И вот сейчас что-то мудрил Гирич.
 
Я писал ему записки. Караулил в конторе. Заходил домой. И у меня закралось подозрение, что не хочет человек встречи, хотя могло быть ему и некогда: он, Петрович, сдавал на Балыке прорабский участок.
 
...По Лакым-Паслу стрелой несется лодка-«казанка», а вдоль по бережку, ни на шаг не отставая от лодки,— свора псов. «Казанка» круто взяла к берегу. Псы радостно залаяли. Я вгляделся, но трудно было увидеть, свой ли кто, чужой... Человек веслом подгреб к сухому, перелез в высоченных сапогах через борт и потащил лодку волоком. И тут к нему подошли ребята, разодетые по-чудному: двое в ватниках и двое в плавках...
 
И вот я уже там, рядом с ними. Человек увидел меня, прищурил левый глаз, словно прицелился... Узнал... И я узнал. Это был Алешка Шульков, поджарый, меднолицый, как герой куперовской книжки.
 
Как ни в чем не бывало, будто мы расстались только вчера, Алеша кивнул на меня:
— Это товарищ из Москвы. Специально приехал проверить и подтвердить...— И смешно заморгал глазами. Мол, не обижайся и не выдавай. Потерпи. Не пожалеешь... Ладно.
 
Он сидел на бортике «казанки» и колдовал над движком.
 
Великим мастером по части механики был Алеша. Про него говорили: «Если бы у той подкованной блохи был мотор и этот мотор забарахлил, Алеша бы его исправил...»
 
— Вы точно из Москвы? — спросил один из хлопцев в телогрейке. И тут я догадался, почему они так распределили свои наряды. Телогрейки было только две, а перекупались, замерзли, как цуцики, все четверо. Вот и грелись по очереди.

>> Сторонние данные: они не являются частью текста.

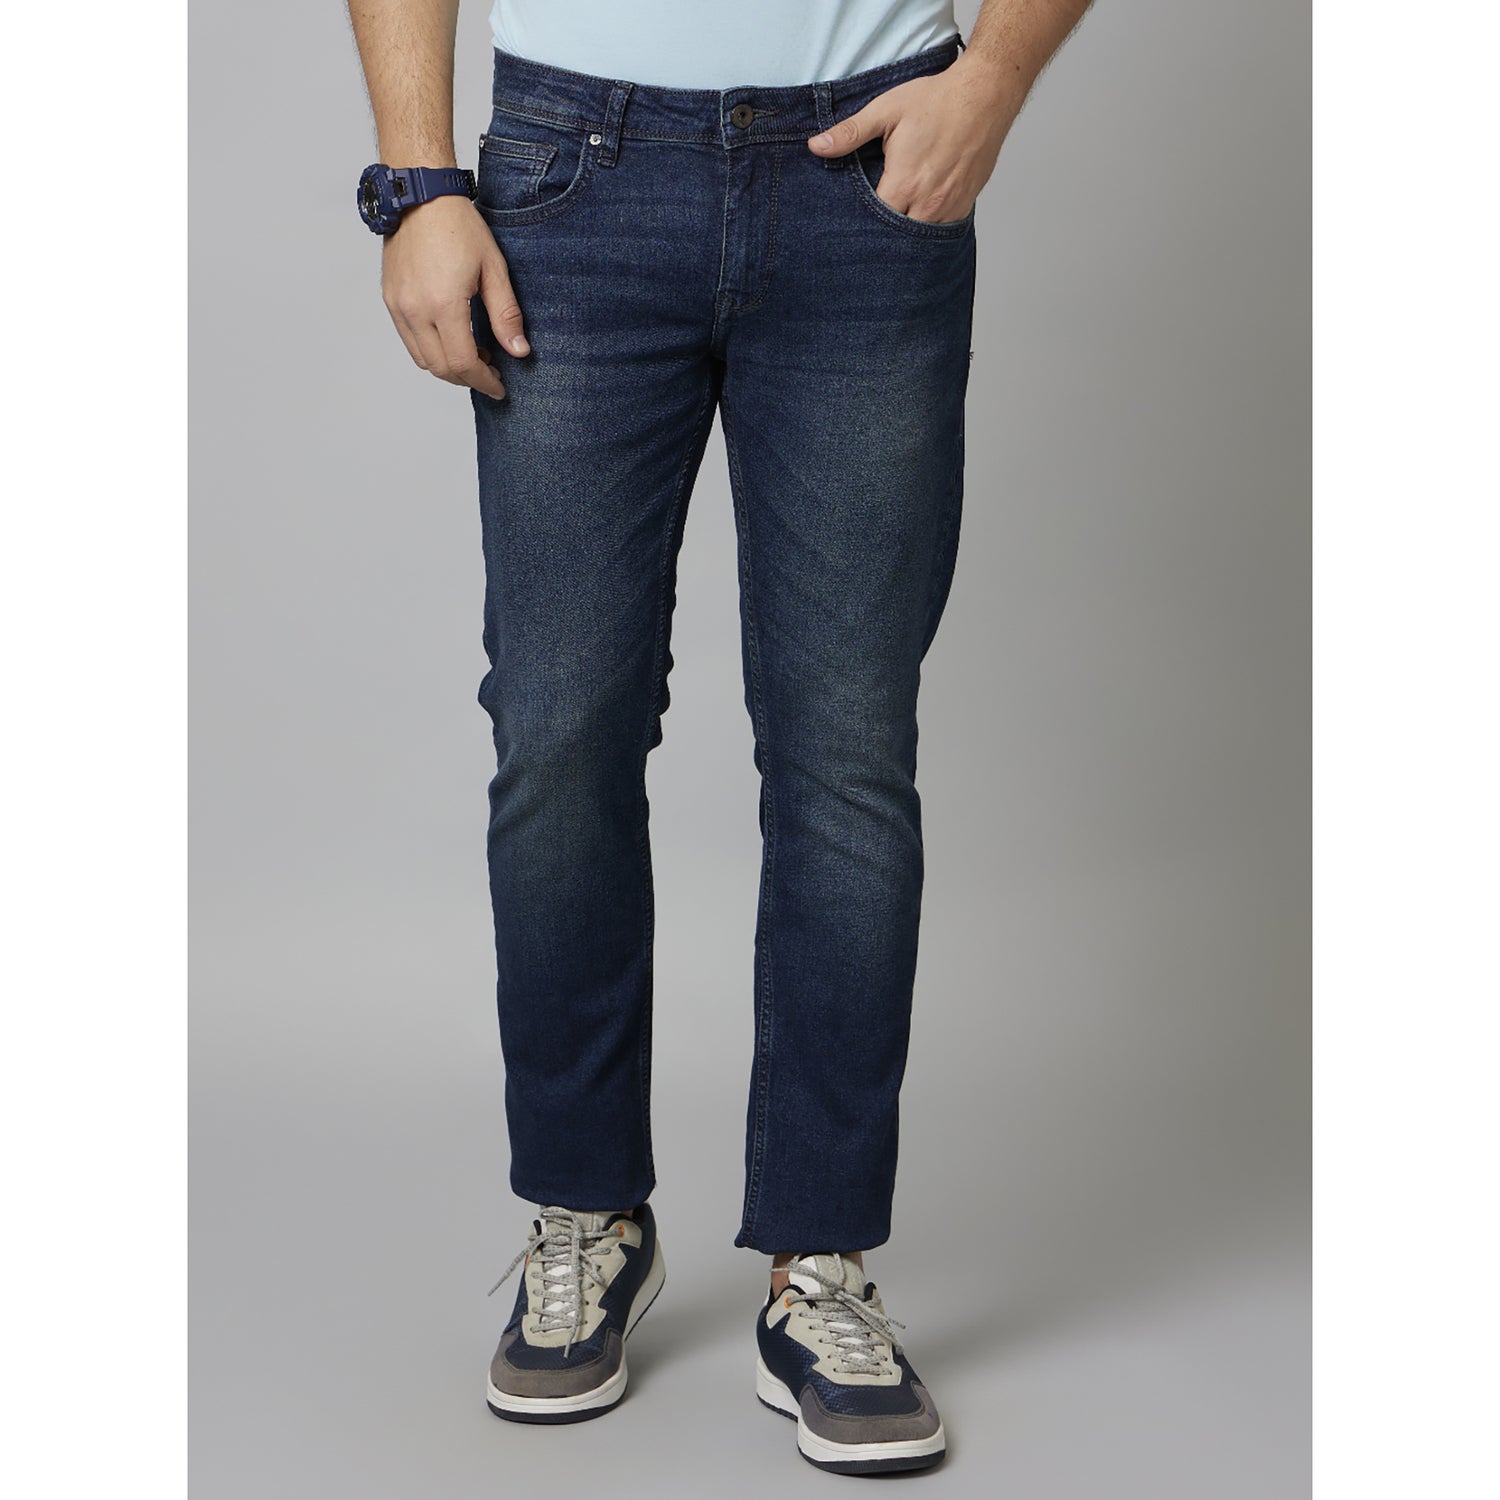 Blue Solid Cotton Jeans (COECOBEN125)

— Из Москвы...— сказал Шульков.— А то не видишь...
— Ну и как — врет Шульков или правда?
 
Алеша отсосал в баночку бензину и стал промывать там какую-то штуковину.
 
— Я им все как есть рассказал — не верят.— Он сокрушенно крутнул головой.— Говорю: был в конторе, видел приказ по Тюменьстройпути. Там черным по белому,— Он равнодушно задекламировал: — В случае, если погода в Усть-Югане останется в ближайшее время на должном уровне. Скобка открывается: то есть будет соответствовать погоде на Черноморском побережье Кавказа. Скобка закрывается. Приказываю семьдесят процентов надбавки аннулировать.
 
Подпись. Точка.
 
Алеша поднял от банки честные глаза.
 
— Брось, Алеша,— напрямик портил дело я.— Чего голову морочишь? Давай хоть поздороваемся.
— Руки не подам,— хмуро сказал Шульков. И уже смеясь, хохоча: — Грязная она у меня... А-а, черт с ним!.. Заглотали и так крючок до аппендикса... Жлобы... Ну, здорово! — Он поднялся, мы обнялись.
— А чего не на работе? — спросил Алеша еще в досаде на всю четверку.— О северных заботитесь, а работа, она что, постоит?
— Сломалась работа,— сказал кто-то сконфуженно.
— Это как? — спросил я.
— А-а, салажата... Из школы механизации. Видать, подугробили технику.
 
Алеша открыл инструментальный ящик, закопался там, очевидно, намекая ребятам, что разговор окончен. И тут самый старший из четверки, симпатичный такой паренек Гоша, отдал телогрейку приятелю и поставил ногу на лодку.
 
— А ты не жлоб? — зло и напористо спросил он Шулькова.— Вы тут, первопроходцы, говорят, аккордно лопатами деньги гребли...
Спокойно орудуя гаечным ключом, Шульков сказал мне:
— Вот так свяжись с людьми, которые не держали в руках даже толкового словаря...
— Смотрите, держал! — рассмеялся Гоша.
— Держал. Иначе откуда мне знать, а тебе соответственно не знать, что жлоб — это Желающий Лично Облапошить Ближнего,— не моргнув, ответил Шульков и пошел уже всерьез: — Мы ведь облапошивали сами себя. Понял?.. Разве это жизнь, когда, кроме денег, ничего от жизни не получаешь?..
— Если бы не северные,— сказал спокойно Гоша,— я бы сюда не поехал... Ни к чему мне ваши крахмальные простыни и широкоэкранные клубы...
— Ну ты у нас геро-о-о-ой... В одноместной палатке прокантовался бы пару лет в обнимку с северными. Ел бы дичь, запивая болотной водичкой...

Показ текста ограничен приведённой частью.